Saliendo de su estado inerte, Druon intentó acercarse a la mujer, pero el hombre de armas, pálido, se le adelantó. Sin miramientos, golpeó con el pie el pecho de la insensata que, al perder el equilibrio, cayó de costado.

Estupefactos, Druon y Huguelin observaban la escena. La mujer se encogió sobre sí misma, protegiéndose la cabeza con los brazos. Rompió en sollozos, entrecortados por gemidos. Druon miró de hito en hito al hombre de armas. No parecía que estuviese furioso. Más bien deshecho. Y, en la crispación de sus maxilares, en su mirada, el joven leyó el miedo. Sin embargo, aquel animal recobró el dominio de sí mismo y bramó, furioso, en dirección a los dos prisioneros:

—¡Moved el culo! ¡Avanzad! ¡Si no, me bajaré del caballo y os las tendréis que ver conmigo!
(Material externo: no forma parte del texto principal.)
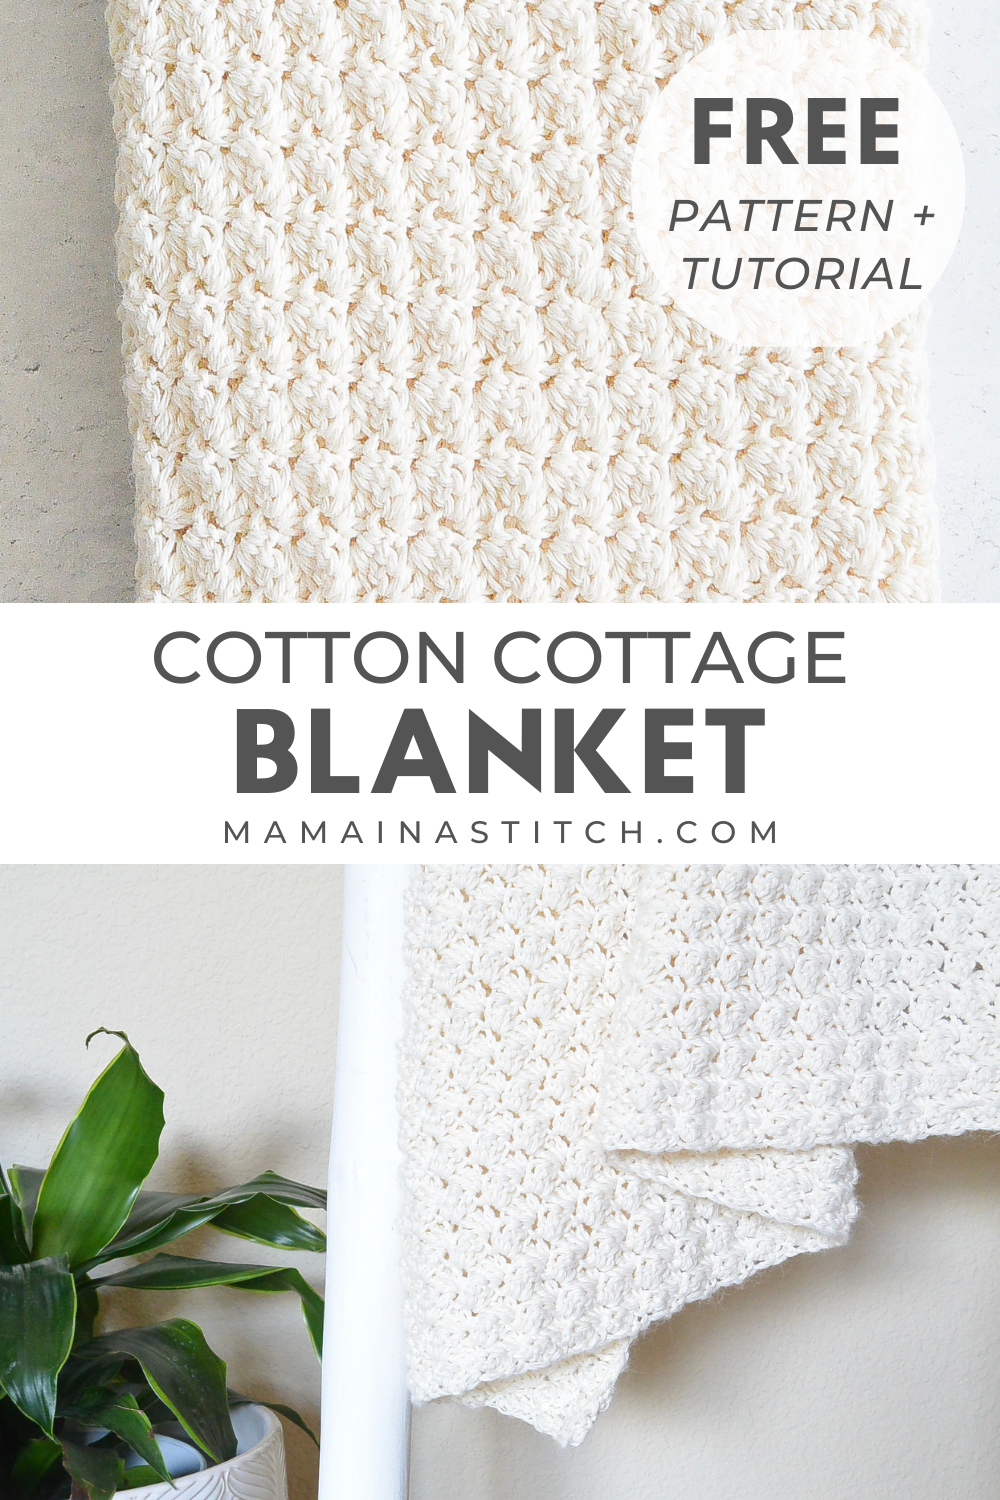 Cotton Blanket Crochet Pattern

Los tres se alejaron, abandonando a la mujer que lloraba acurrucada en el suelo.

* * *

Dejaron atrás la última casa de la aldea, una morada. El edificio señorial, de dos plantas de altura, protegido por una muralla, resaltaba sobre las demás construcciones. Los muros estaban hechos con piedra de sillería, las ventanas eran amplias y estaban protegidas con cristales hechos de trozos de vidrio[125] unidos por una junta de plomo, el tejado era de pizarra. Todo denotaba la gran opulencia de quien vivía en aquel lugar, incluso los canales[126] que salían de cada planta para arrastrar las deyecciones hacia una fosa de aguas negras bastante alejada con el fin de no agraviar el olfato.